— About this exercise —
The data is to be repeated exactly, with the images removed.

— Provided material —
----
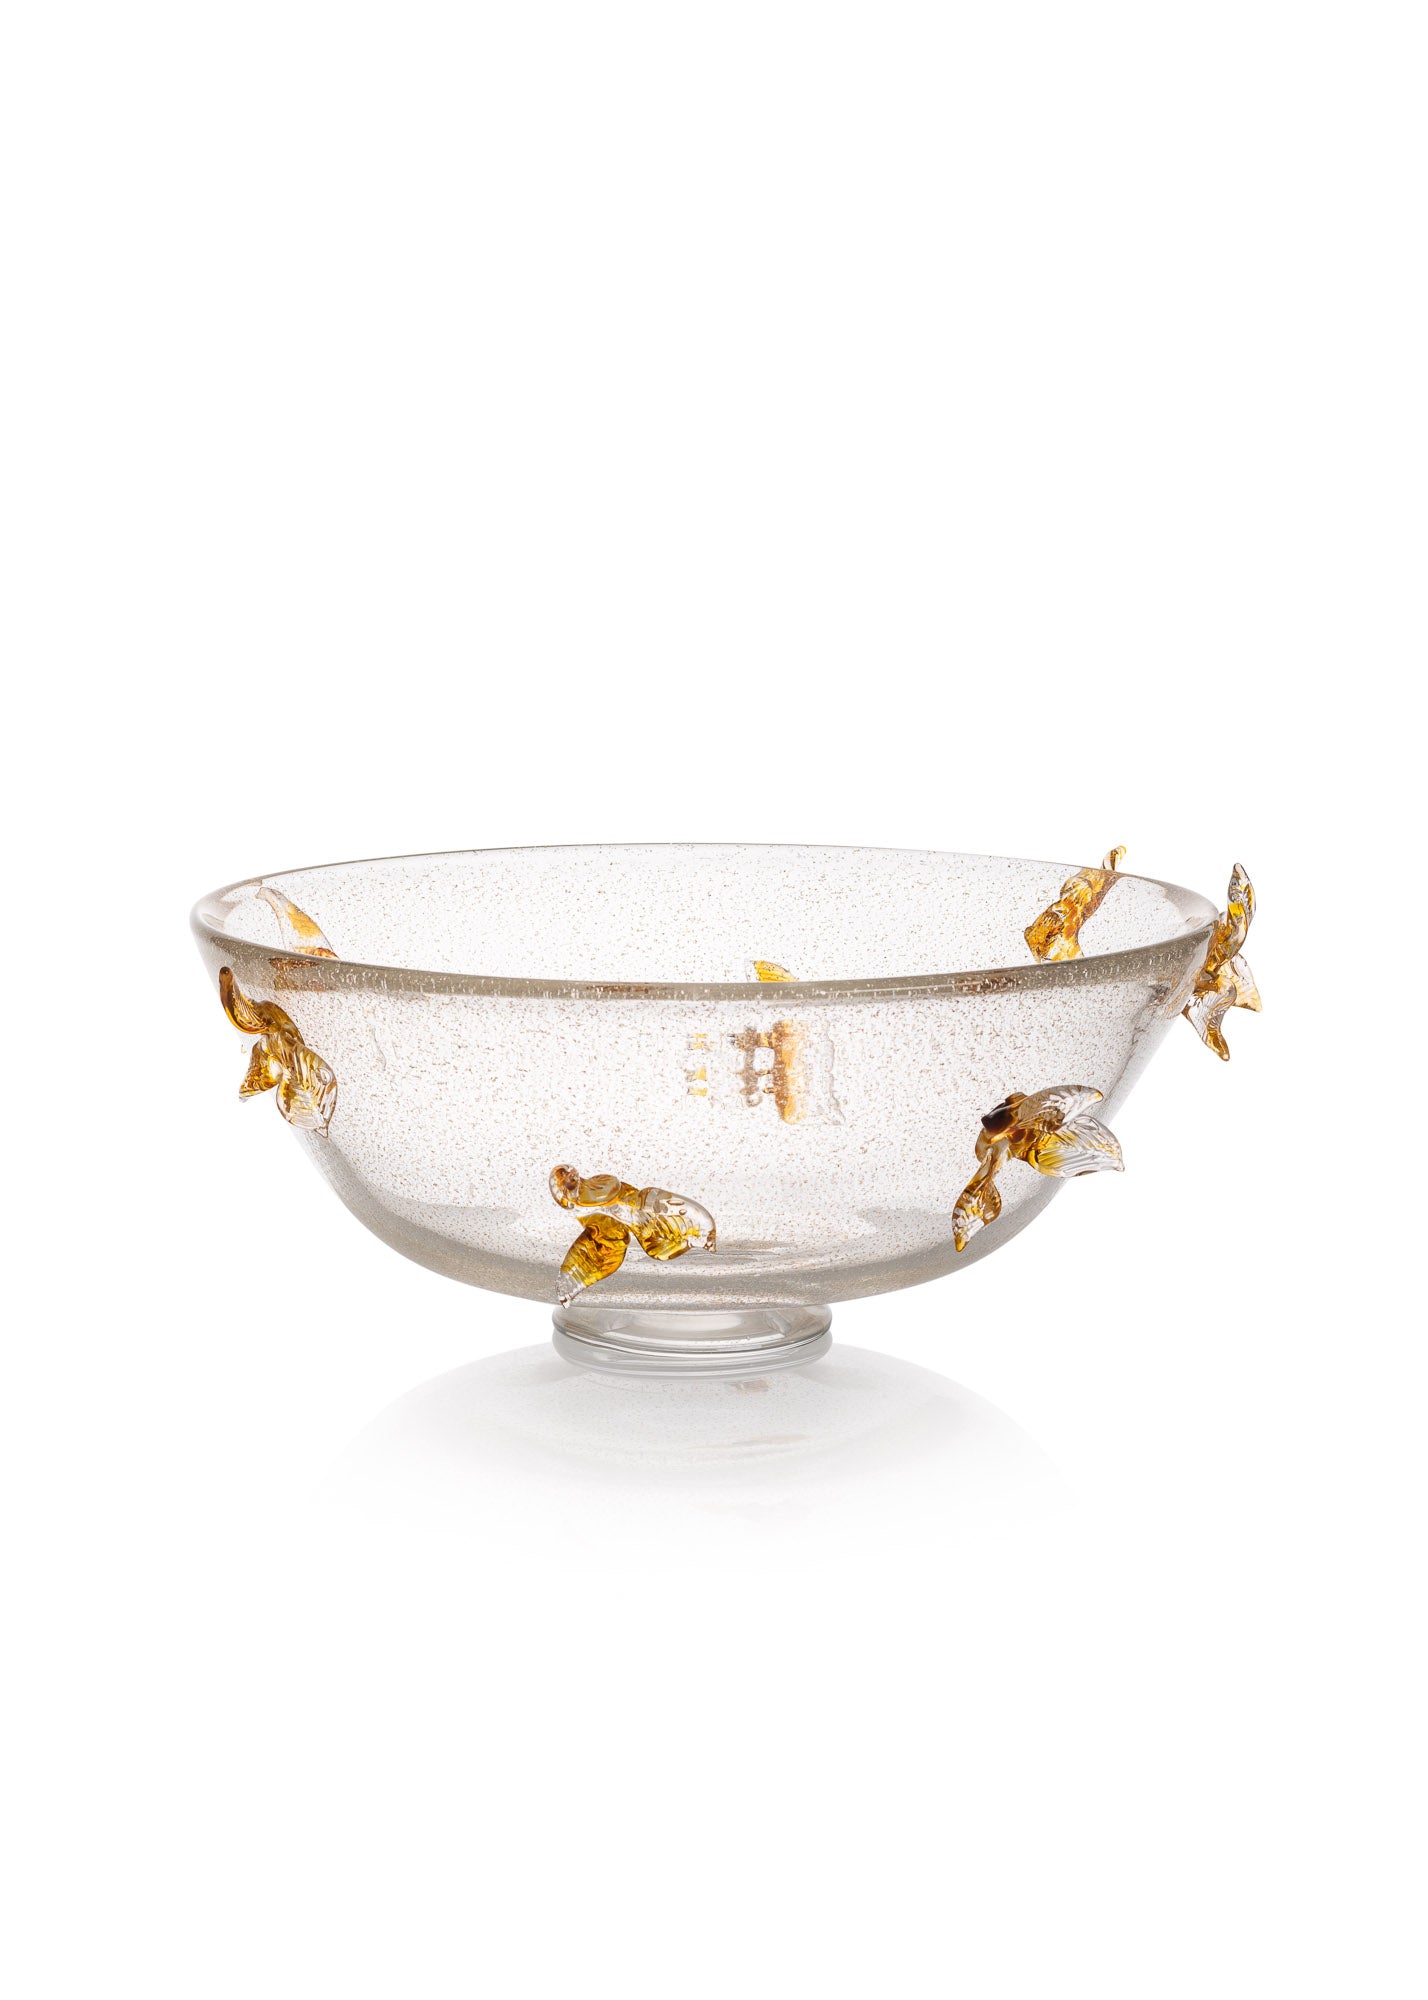 Bowl with gold leaves
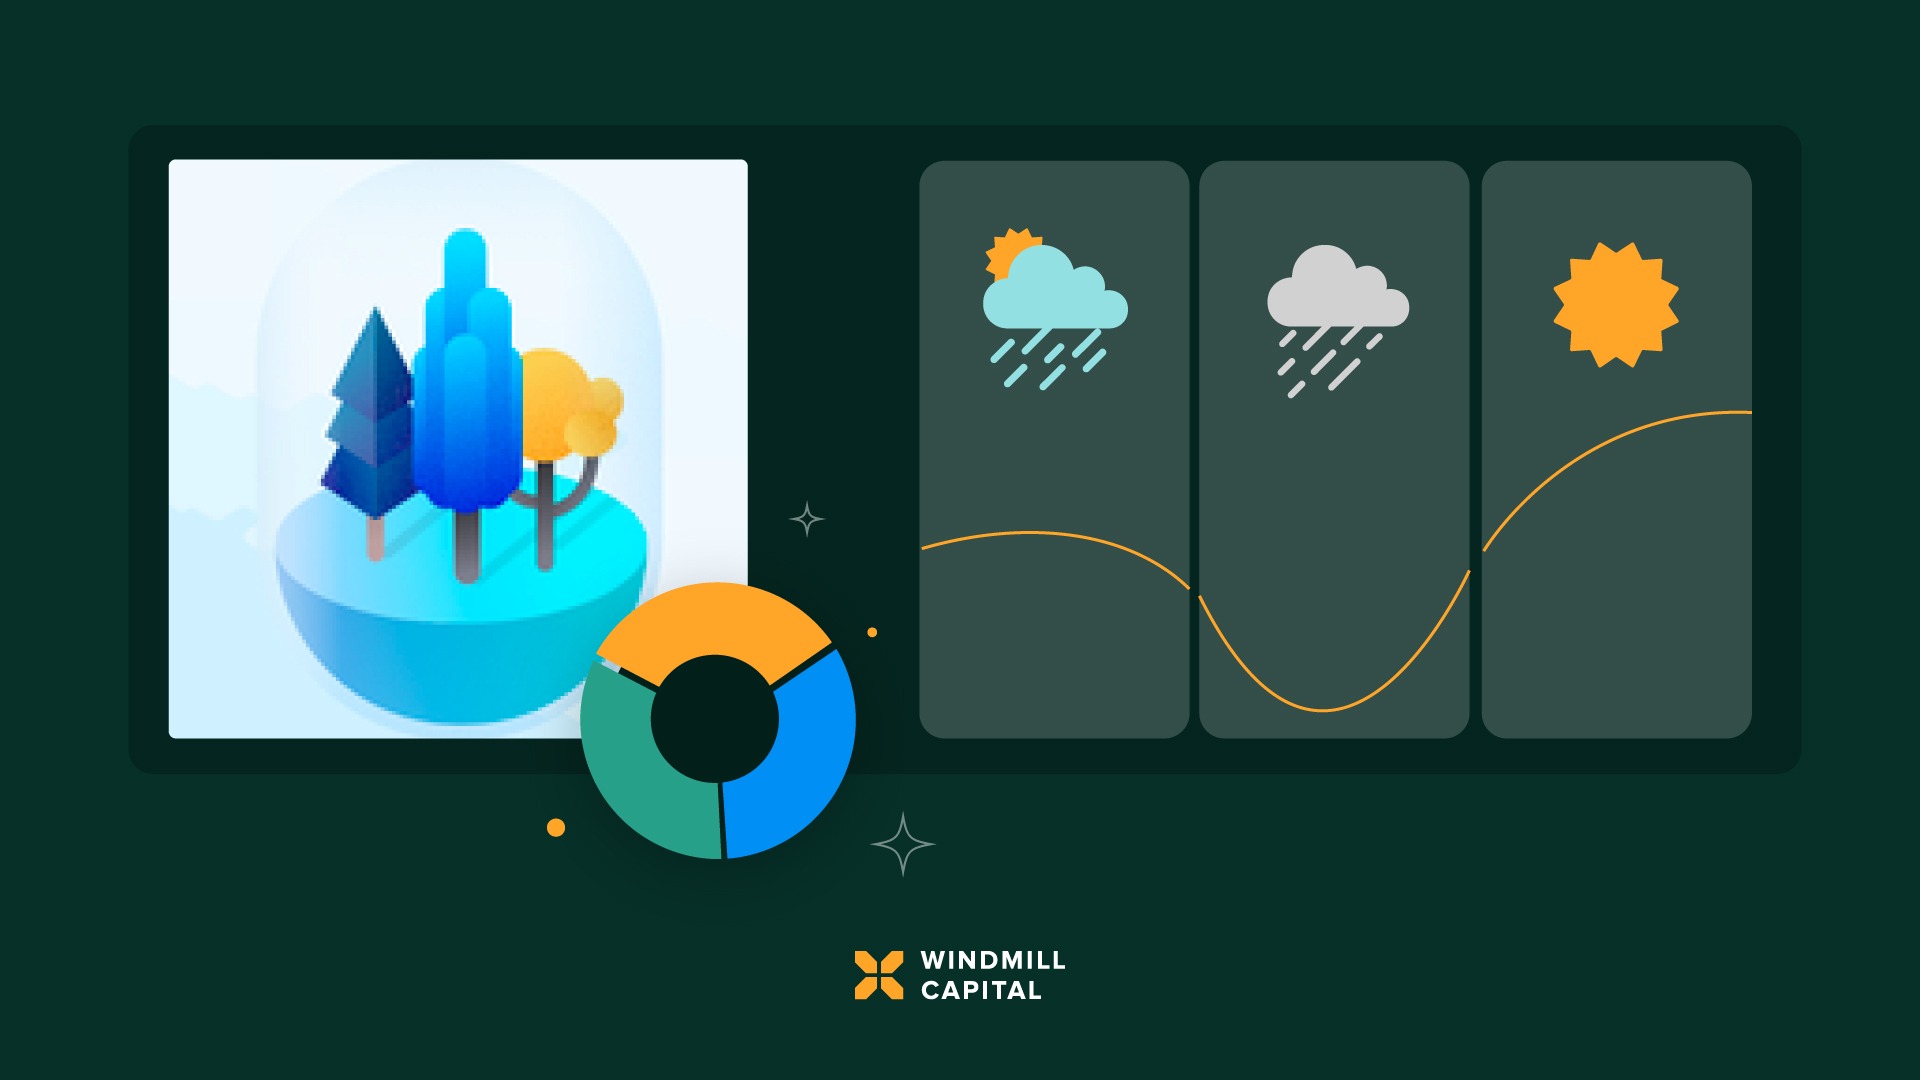 Introducing All Weather Investing smallcase
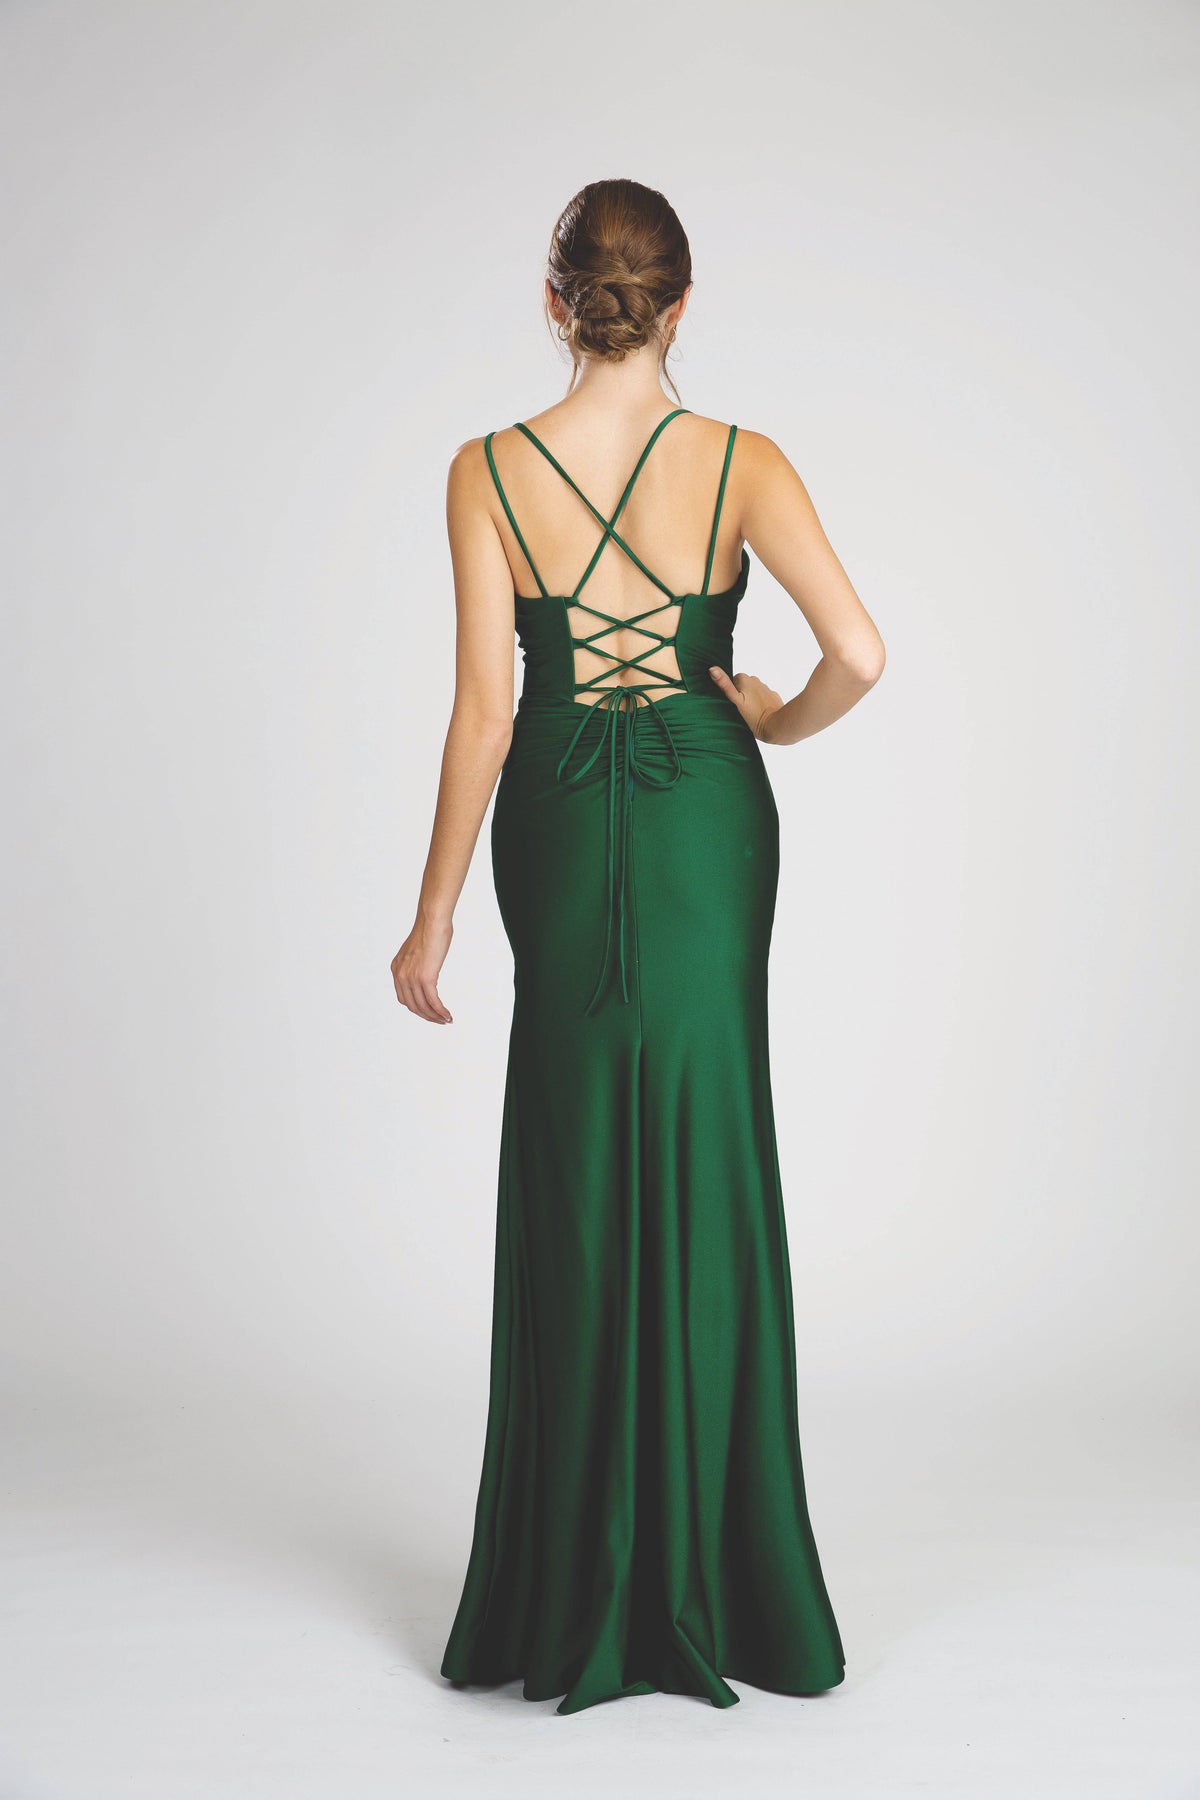 Review Womens Cocktail Dress Fit and Flare Pale Green Evening Prom Size 10
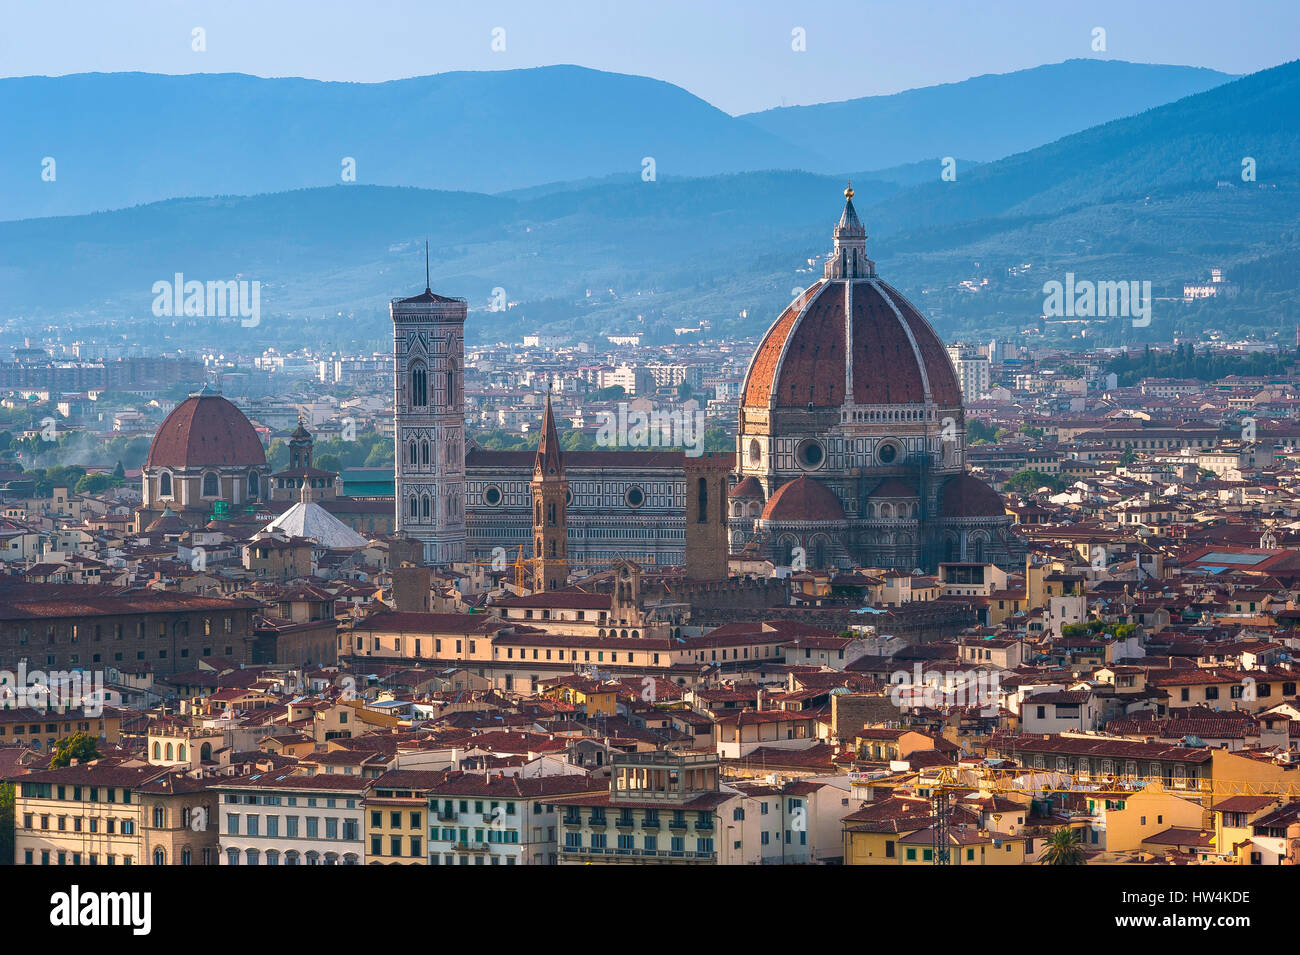 Florence cathedral, view of the Duomo with its Brunelleschi designed dome sited in the center of the city of Florence against Tuscany hills, Italy Stock Photo
----
— Problem solution —
 Bowl with gold leaves
 Introducing All Weather Investing smallcase
 Review Womens Cocktail Dress Fit and Flare Pale Green Evening Prom Size 10
 Florence cathedral, view of the Duomo with its Brunelleschi designed dome sited in the center of the city of Florence against Tuscany hills, Italy Stock Photo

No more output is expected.